– Я хотел спросить Джона, как наши люди отнеслись к появлению Рррнлфа и Каролинуса, – сказал Джим, глядя на Энджи, – но вряд ли управляющий рассказал бы нам всю правду. Посмотрим сами, что из этого вышло. – Джим перевел взгляд на огонь в камине. – Да и в этом ли дело... – тихонько пробурчал он.
   – За последнее время тебе досталось, – сочувственно сказала Энджи.
   Она поднялась с кресла и подошла к камину, по пути поцеловав Джима. Энджи взяла кочергу и пошевелила дрова. Посыпались искры, взметнулись языки пламени. Энджи оставила кочергу и вернулась на свое место. Джим не отводил взгляда от огня.

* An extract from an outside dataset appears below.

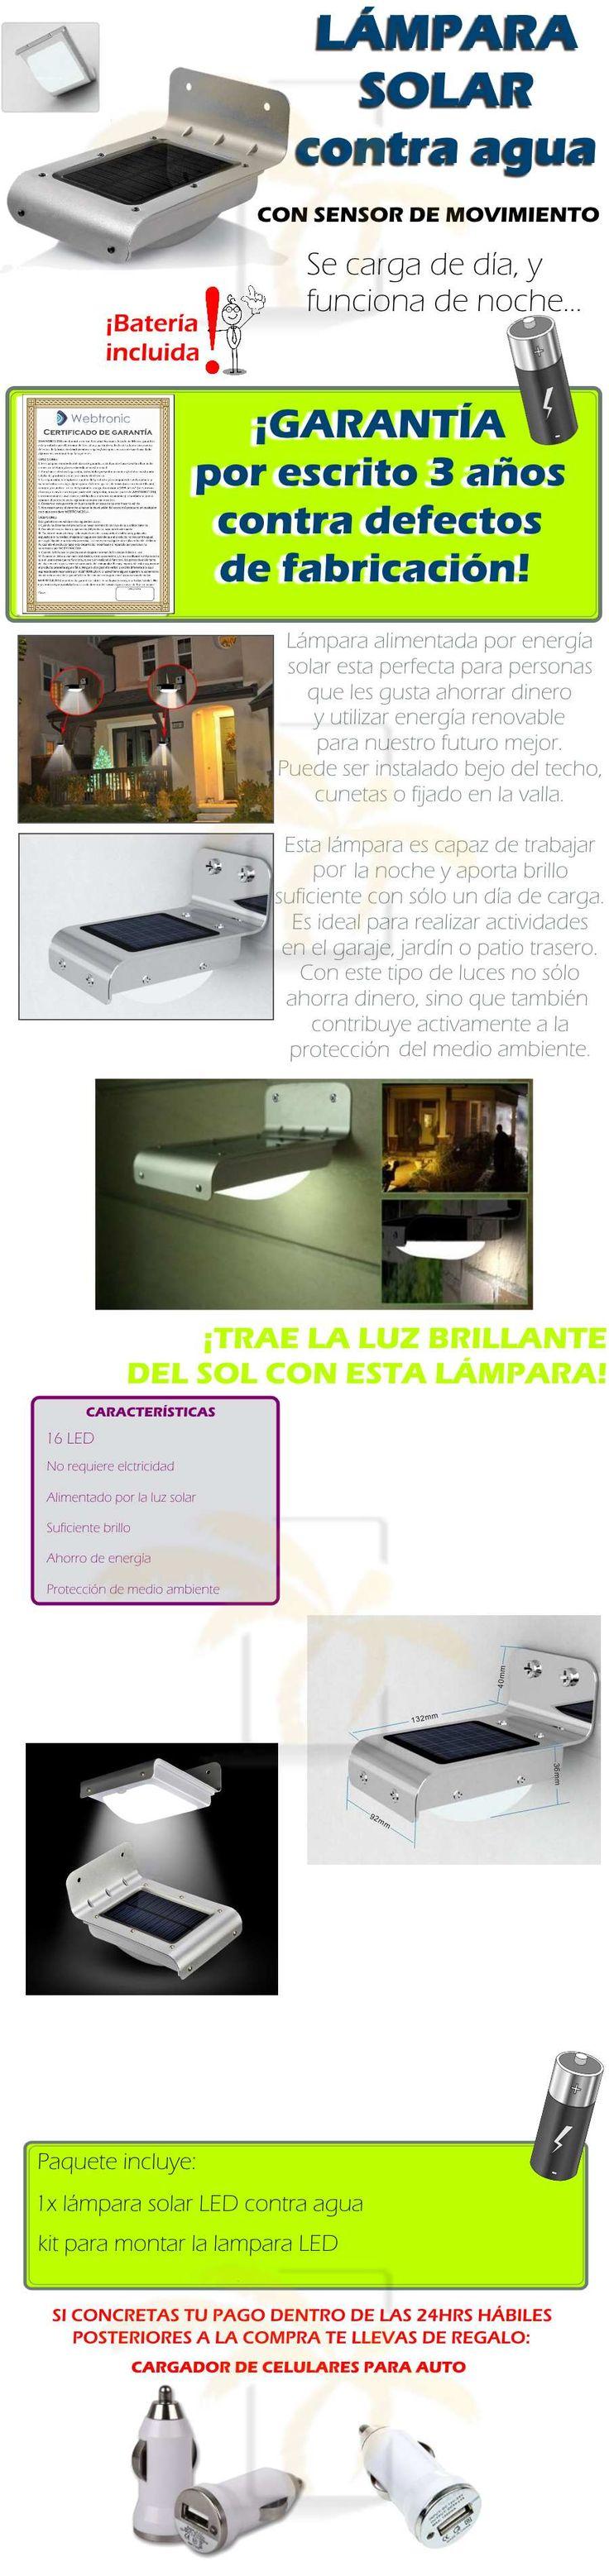 Lámpara Solar 16 Led Exterior Sensor De Luz Y Movimiento - $ 249.00

   – Скажи мне, – доверительно попросила Энджи, – куда ты ходил за жезлом?
   – Ходил за жезлом? – встрепенулся Джим.
   – Ты мне как-то рассказывал, что Каролинус проделал большой путь, чтобы добыть жезл. Помнишь, ему понадобился жезл, чтобы помочь вызволить меня из Презренной Башни? Ты, наверное, проделал не меньший путь?
   – С чего ты взяла, что я куда-то ходил? – спросил Джим. – Разве я исчезал?
   – Нет, – ответила Энджи. – Но я чувствовала, что ты уходил. Какое-то мгновение тебя не было рядом со мной. Где ты пропадал?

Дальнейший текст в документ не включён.